Skocz do zawartości
IGNOROWANY

Pianownica Gloria FM50


turborzeznik

Rekomendowane odpowiedzi

Cześć, mam problem z pianownica, zamiast rozpylać pianę to z lancy leci strumyczek piany pod bardzo słabym ciśnieniem. Pianownica Gloria FM 50 i piana shinny garage. Piana shinny garage z dwulitrowym Kwazarem działała w porządku. Ktoś wie w czym może być problem? Czy pianownica jest raczej zepsuta?

Odnośnik do komentarza
Udostępnij na innych stronach

Może dysza uszkodzona lub kamieniem zaszła. Kupiłeś nową czy używaną?

Odnośnik do komentarza
Udostępnij na innych stronach

Nowa nowa, hmmm tylko gdzie teraz tego szukac? Na samym koncu lancy ten czarny "czopek"? 

Odnośnik do komentarza
Udostępnij na innych stronach

Na końcu lancy odkręcasz czarną nakrętkę i możesz wyciągnąć dyszę.

Odnośnik do komentarza
Udostępnij na innych stronach

Kurde... ciężka sprawa, rozebrałem to ustrojstwo, wyczyściłem, wypłukałem gorącą wodą i jest tylko trochę lepiej ale ogólnie rzecz biorąc dalej nie nadaje się to do użytku. Na ile się dało sprawdzić to wszystko wydaje się w porządku, poza jednym szlauchem, tym od zbiornika do lancy. Kiedy próbowałem dmuchać przez niego to bardzo słabo powietrze przez niego przechodzi jakby był zatkany. Niestety nie mogę zdjąć tych nakrętek co są na nim bo po prostu jest to tak mocno zacisniete że się nie da. Nie wiem czy tak powinno być że ledwo co da się przez ten szlauch powietrze przedmuchać. Ciśnienie nabite prawie na max a nanometr pokazuje 1.5bar... gdzie zawór bezpieczeństwa jest do 2.8 jak mi się zdaje a max 3.0 cała pianownica. Spróbuję poszukać coś jeszcze w internetach... 

Odnośnik do komentarza
Udostępnij na innych stronach

Na lancy przy rękojeści masz regulator ciśnienia. Jak go ustawiłeś?

Odnośnik do komentarza
Udostępnij na innych stronach

2 godziny temu, Muskel1 napisał:

Na lancy przy rękojeści masz regulator ciśnienia. Jak go ustawiłeś?

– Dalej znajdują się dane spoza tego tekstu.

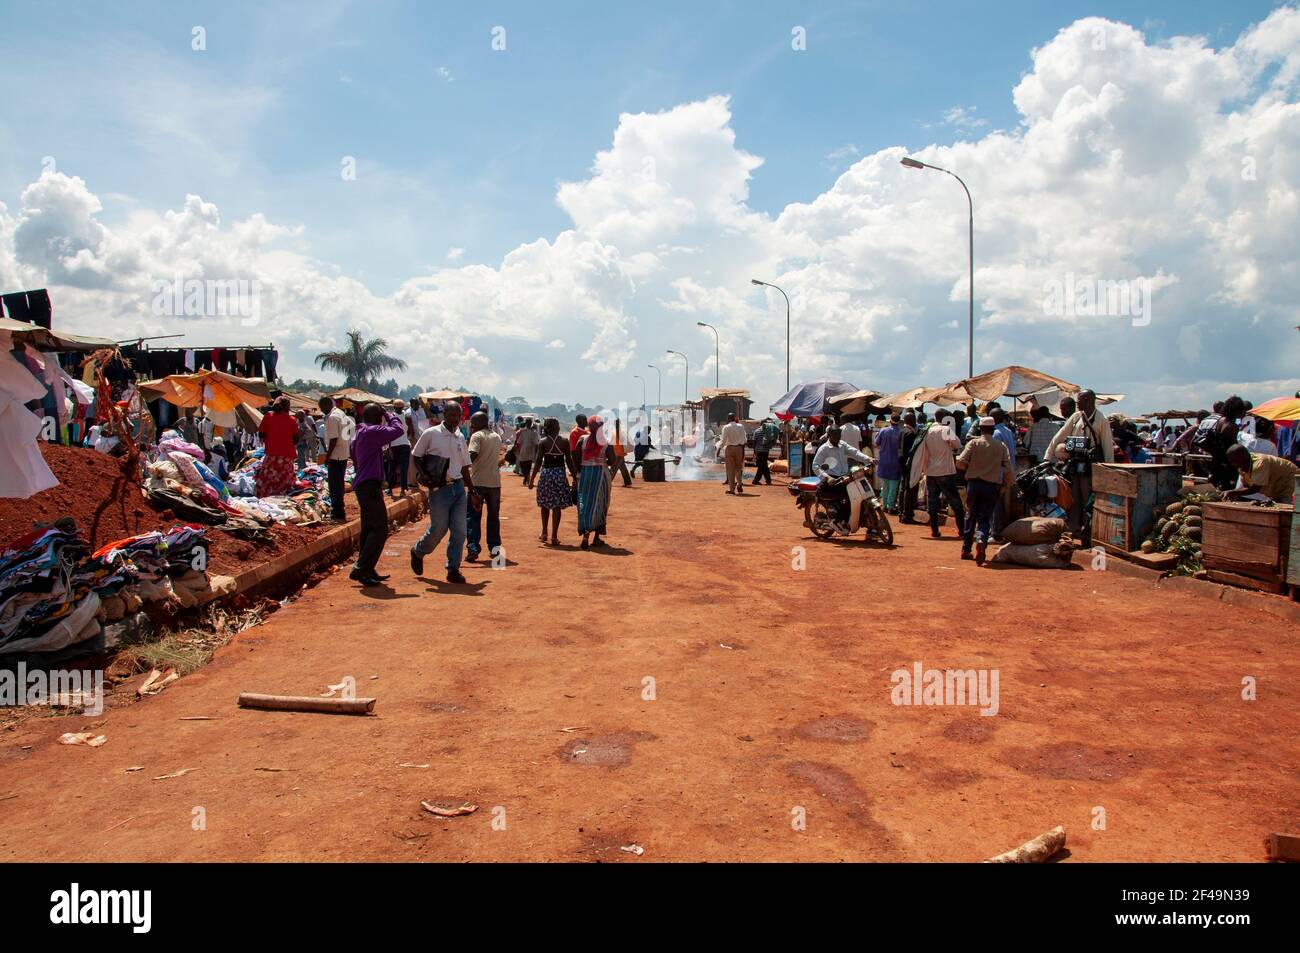 Marché en plein air à Ggaba Beach, Ouganda. Banque D'Images

Bardzo ale to bardzo opornie chodzi to pokrętło ale ustawiałem na max i na minimum i po środku nic to nie zmienia

Odnośnik do komentarza
Udostępnij na innych stronach

To może właśnie w tym reduktorze problem leży. W pojemniku można nabić 3 Bar i dopiero gdy ciśnienie urośnie powyżej 3 Bar, zawór bezpieczeństwa siedzący na pojemniku, powinien upuścić ciśnienie. Po całkowitym otwarciu zaworka regulującego na lancy, na nanometrze powinieneś mieć przy spryskiwaniu widoczne maksymalne ciśnienie 3 Bar.

Odnośnik do komentarza
Udostępnij na innych stronach

Możliwe że i coś z tym ogranicznikiem/reduktorem ale martwi mnie to że przez ten szlauch ciężko powietrze nawet przedmuchać. W sumie odkręciłem sama klamkę (ten dinks do naciskania żeby psikało) od reduktora i efekt taki sam, słabe ciśnienie, więc to chyba nie reduktor... sam już nie wiem 

Chyba poprostu odeśle to do sklepu jako niedziałające i niech wymienia mi to na nowe 

Edytowane przez turborzeznik
Odnośnik do komentarza
Udostępnij na innych stronach

A te podkładki filcowe przy dyszy używasz?

Odnośnik do komentarza
Udostępnij na innych stronach

Jeśli chcesz dodać odpowiedź, zaloguj się lub zarejestruj nowe konto

Jedynie zarejestrowani użytkownicy mogą komentować zawartość tej strony.

Zarejestruj nowe konto

Załóż nowe konto. To bardzo proste!

Zarejestruj się

Zaloguj się

Posiadasz już konto? Zaloguj się poniżej.

Zaloguj się
  • Ostatnio przeglądający   0 użytkowników

    • Brak zarejestrowanych użytkowników przeglądających tę stronę.
×
×
  • Dodaj nową pozycję...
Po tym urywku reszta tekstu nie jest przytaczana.